**** DATA SEGMENT

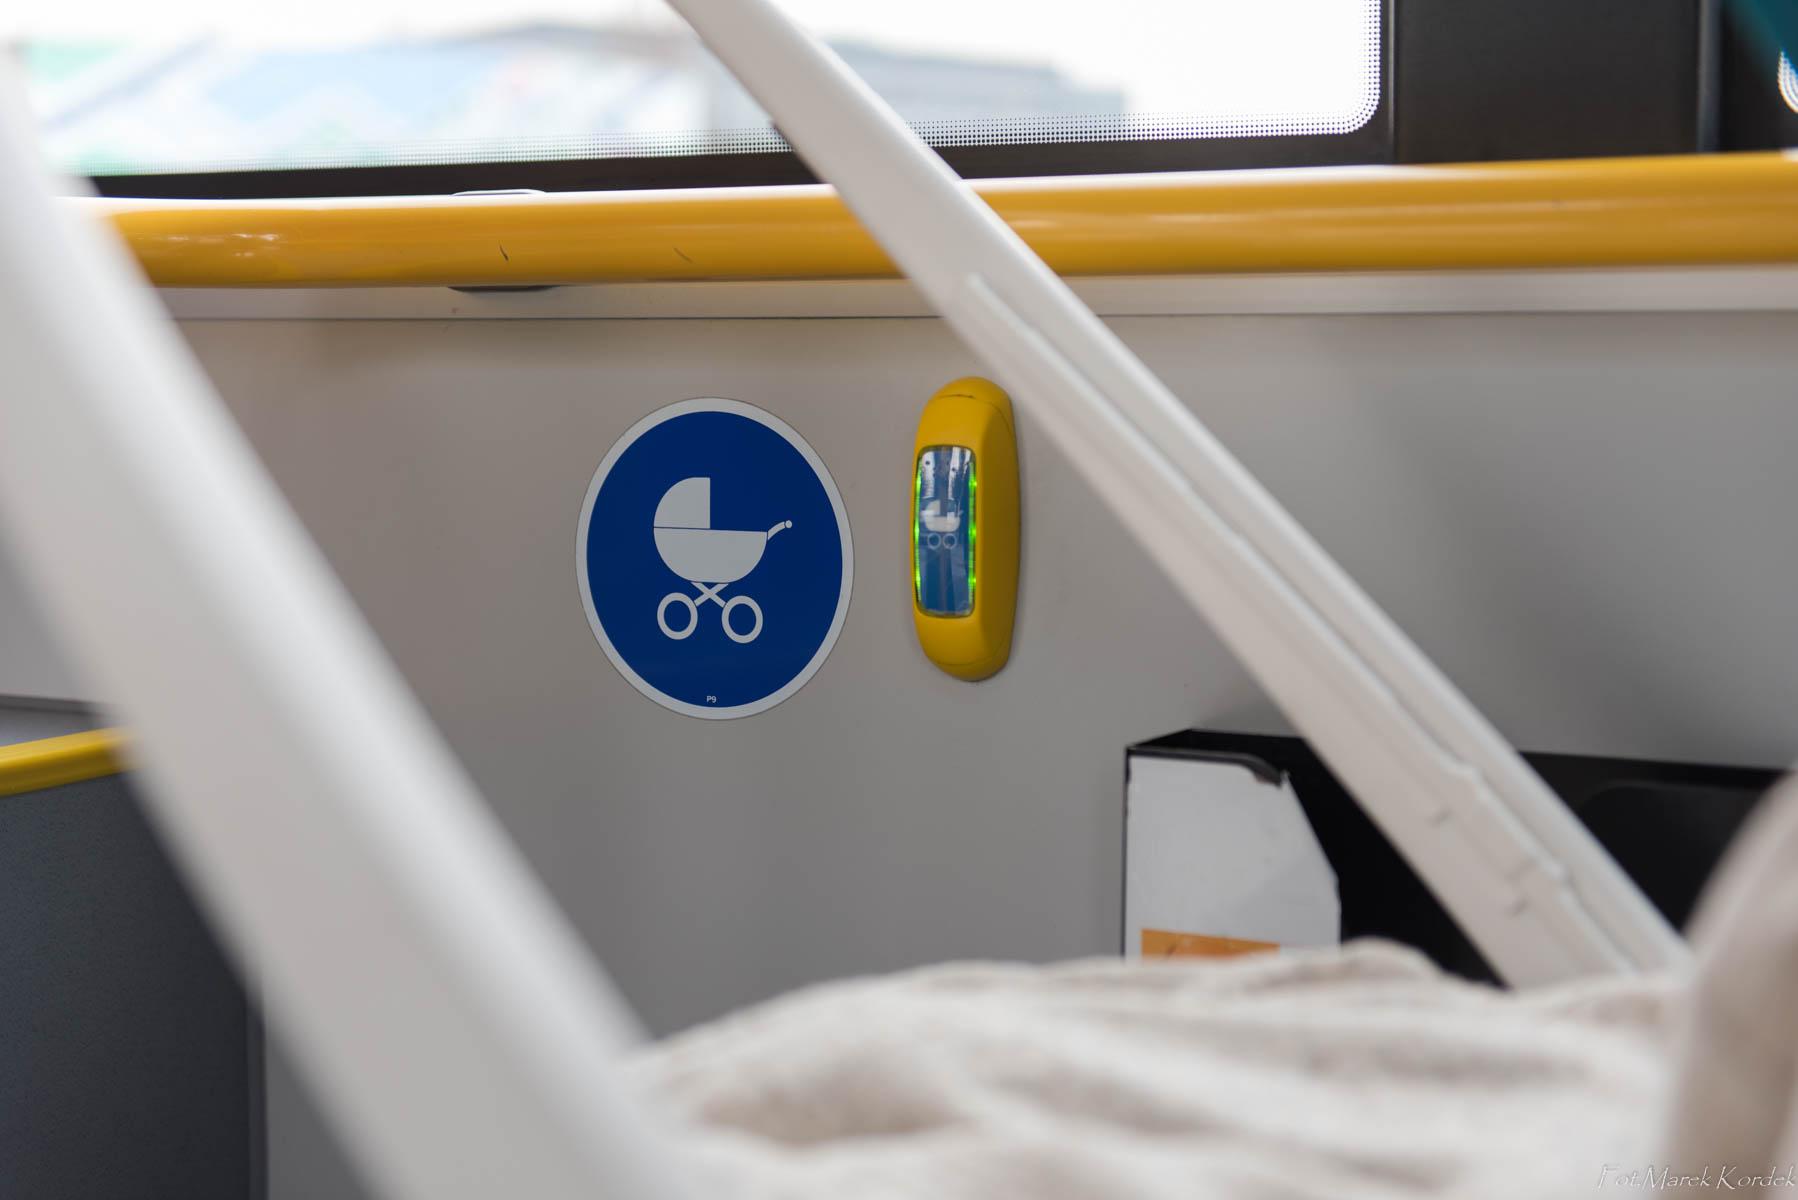 Jak bezpiecznie przewozić dziecko w komunikacji miejskiej miejsce do przewożenia wózków
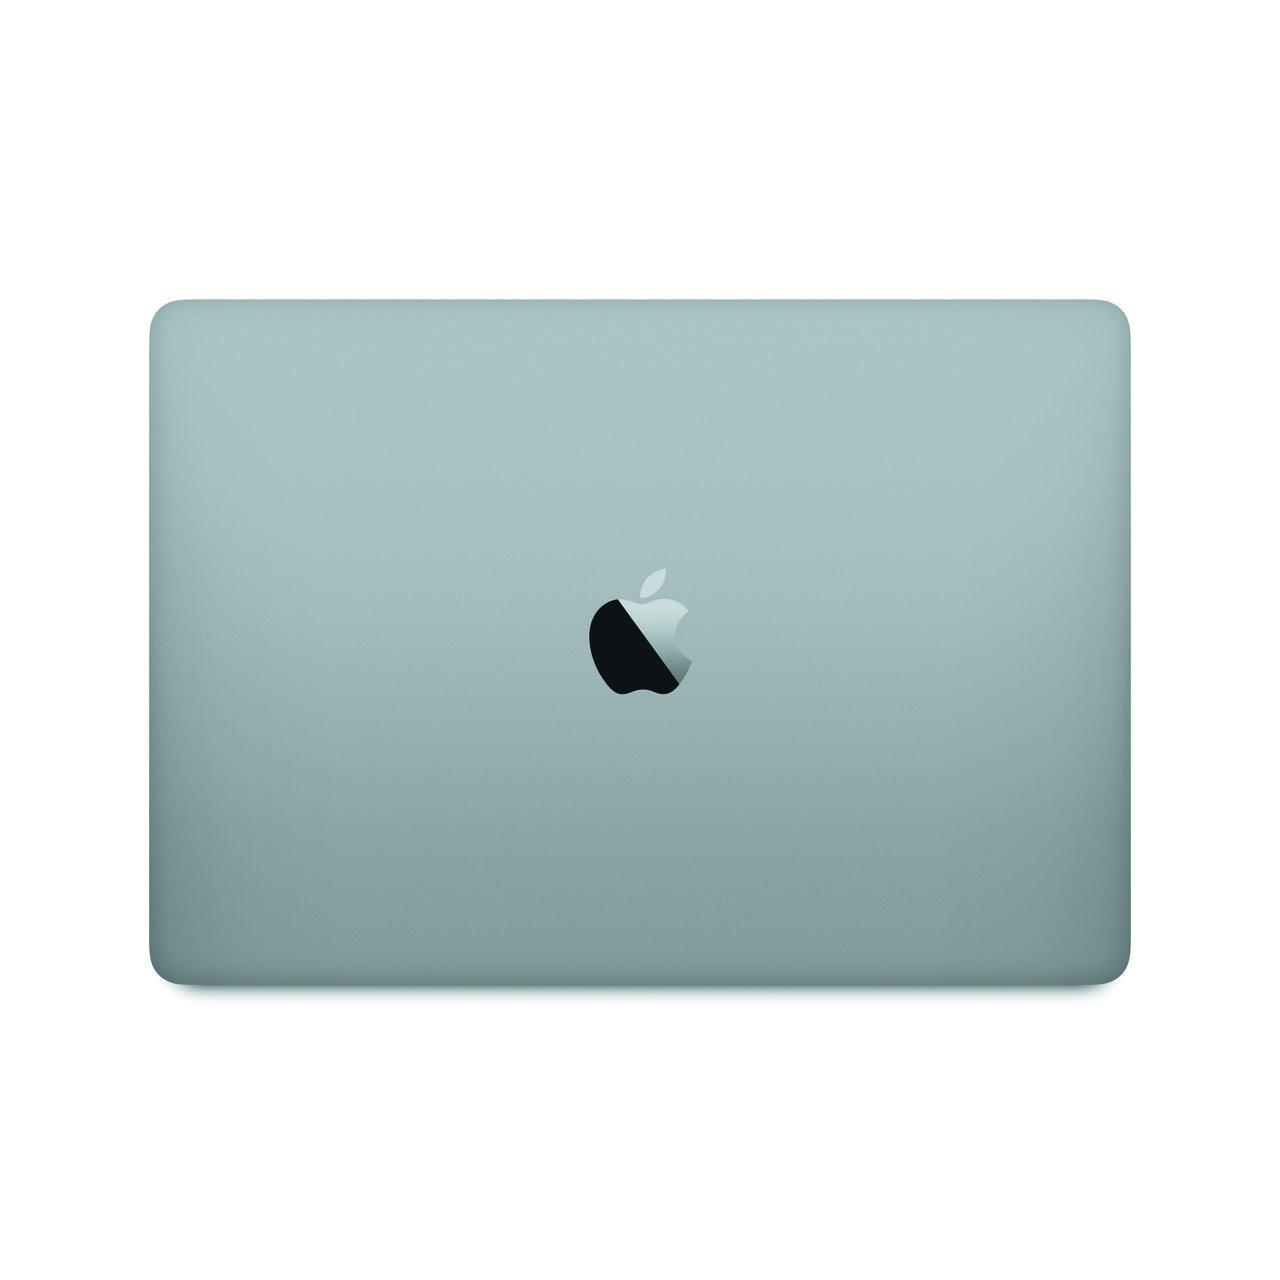 Flexgate: Apple repariert defekte MacBook Pro-Bildschirme jetzt kostenlos
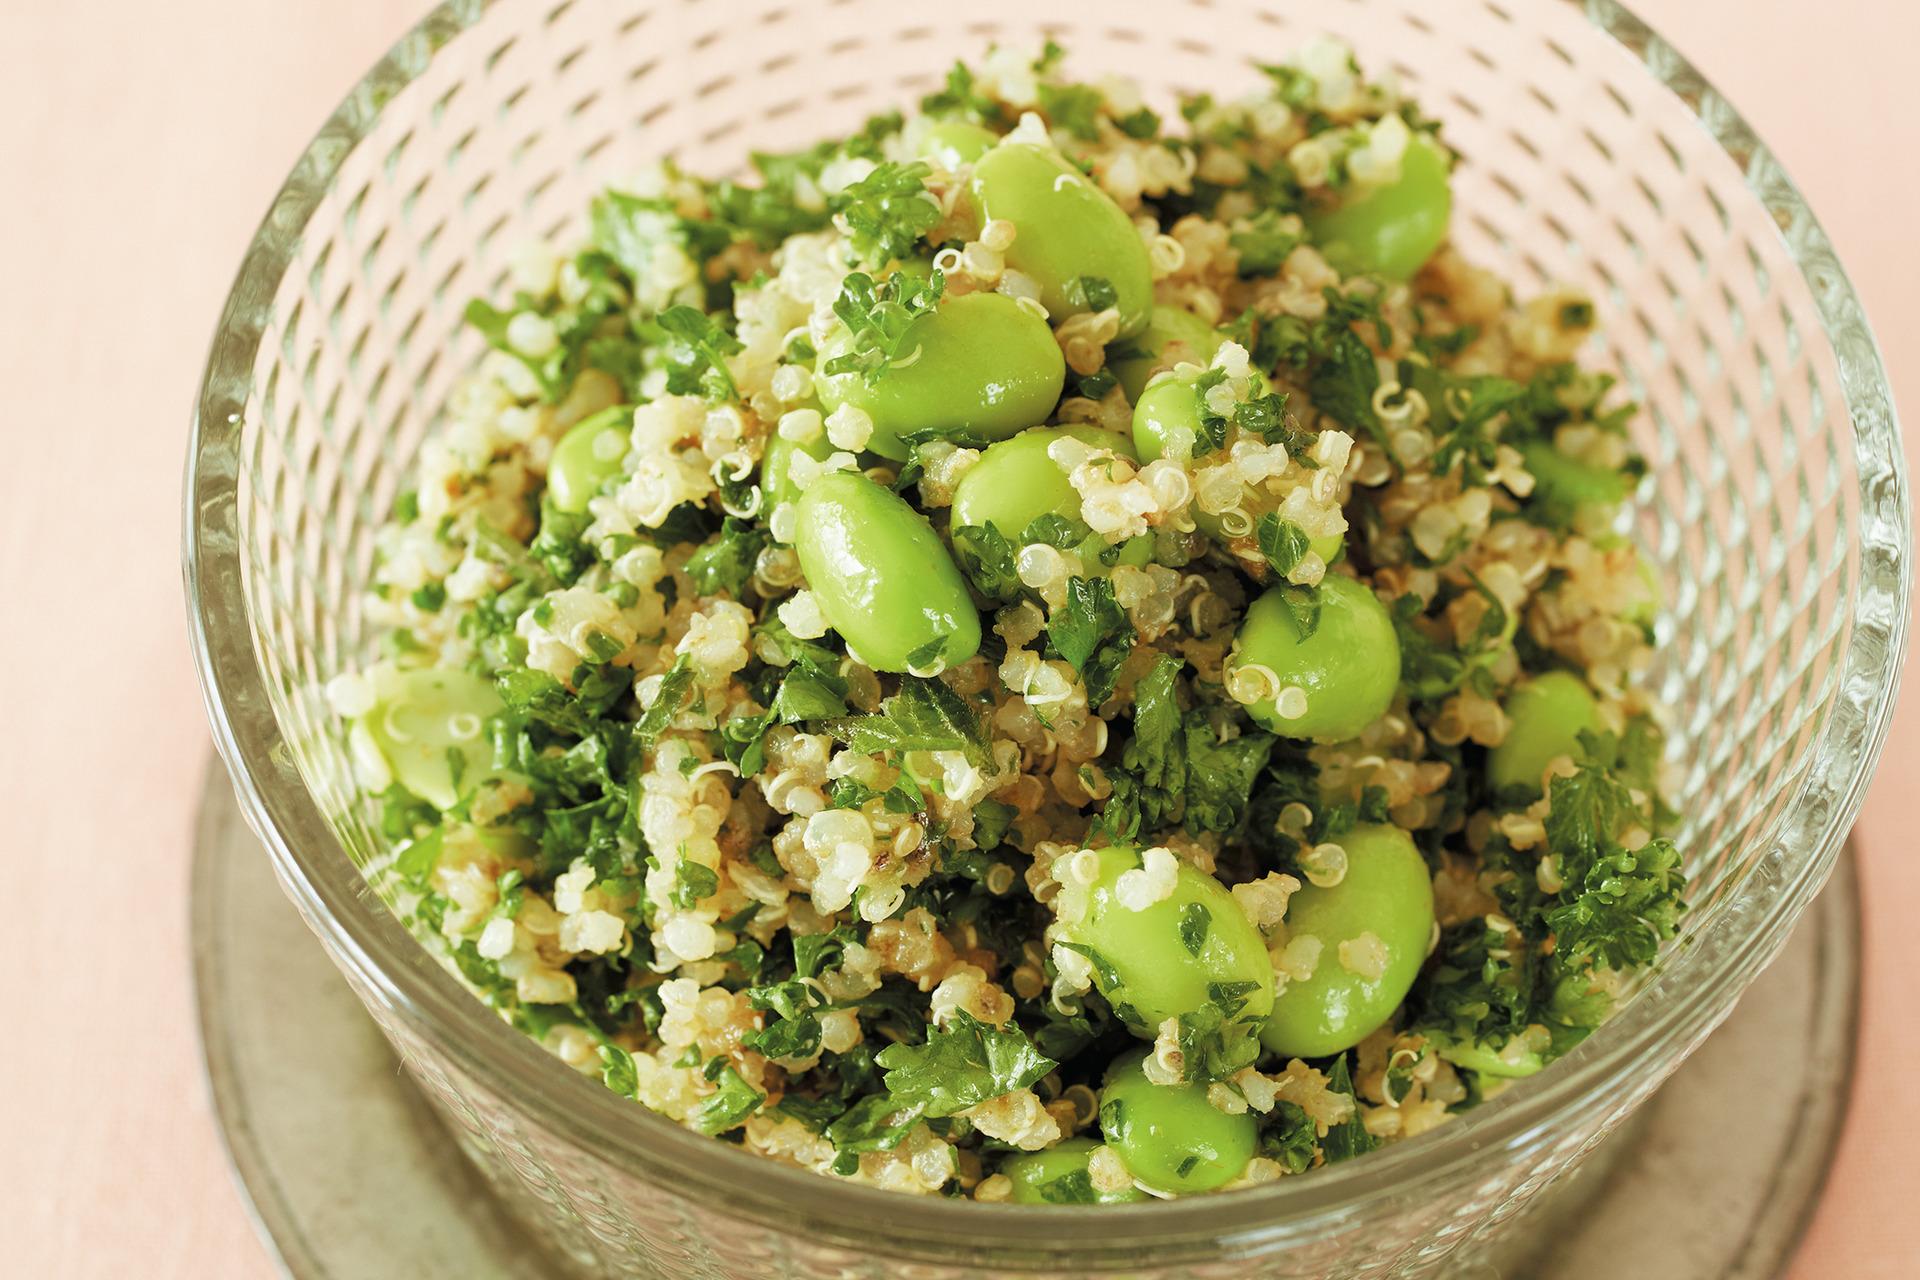 冷凍枝豆でさっとつくれる! パセリ、キヌア、枝豆のサラダ_1_1
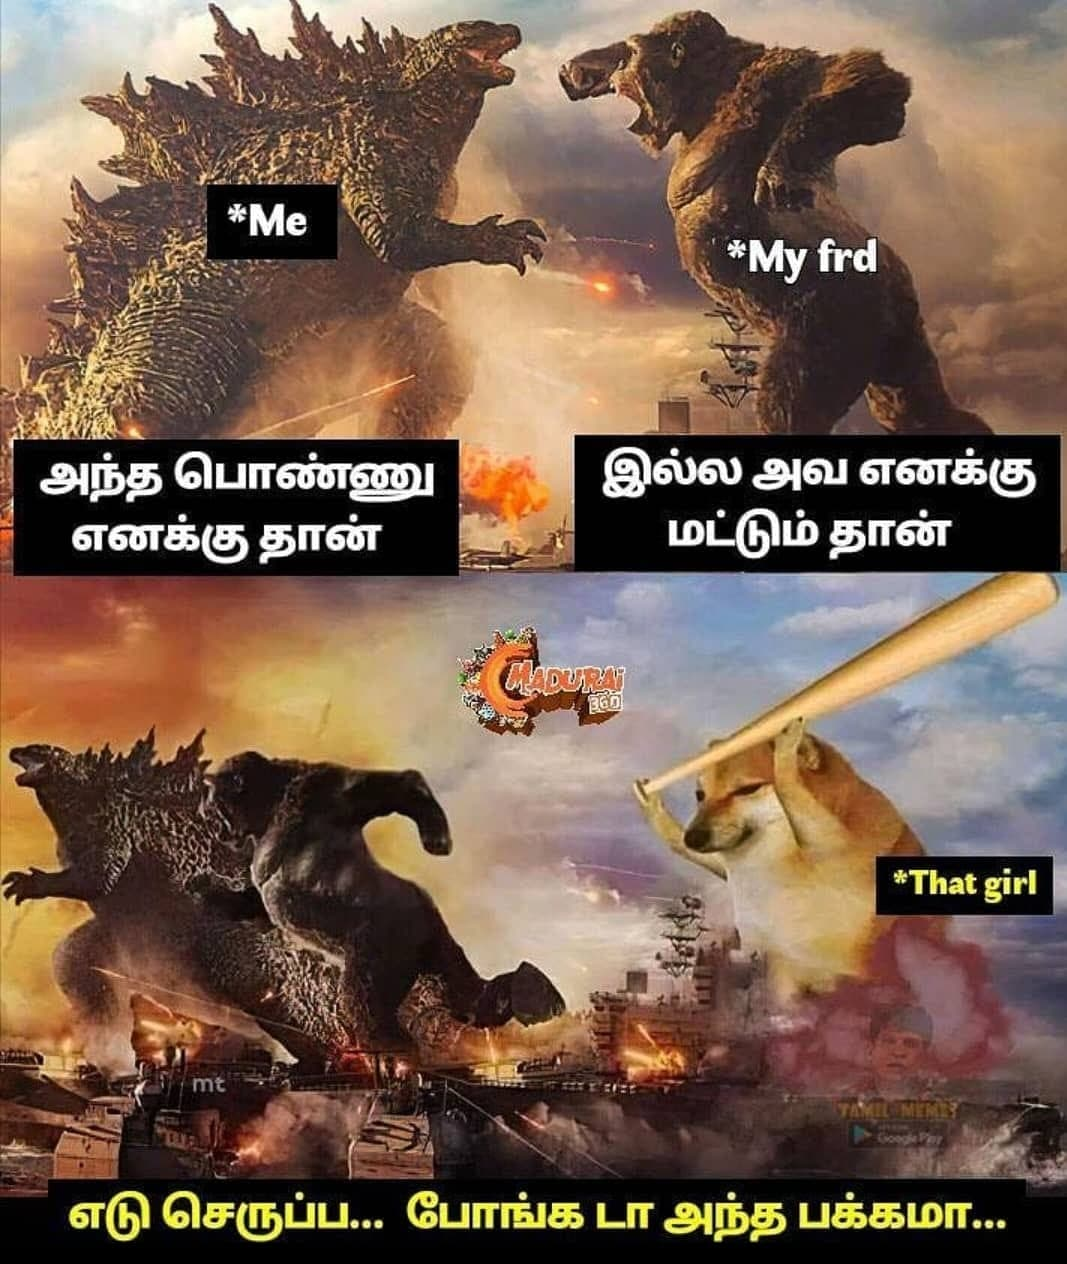 இணையத்தில் வைரலாகும் 'காட்ஸில்லா vs காங்' மீம்ஸ்கள்

********

▸ **PROBLEM TO WORK ON**: Give back the material word for word and drop the pictures it holds.

▸ **RESPONSE**:
 Jak bezpiecznie przewozić dziecko w komunikacji miejskiej miejsce do przewożenia wózków
 Flexgate: Apple repariert defekte MacBook Pro-Bildschirme jetzt kostenlos
 冷凍枝豆でさっとつくれる! パセリ、キヌア、枝豆のサラダ_1_1
 இணையத்தில் வைரலாகும் 'காட்ஸில்லா vs காங்' மீம்ஸ்கள்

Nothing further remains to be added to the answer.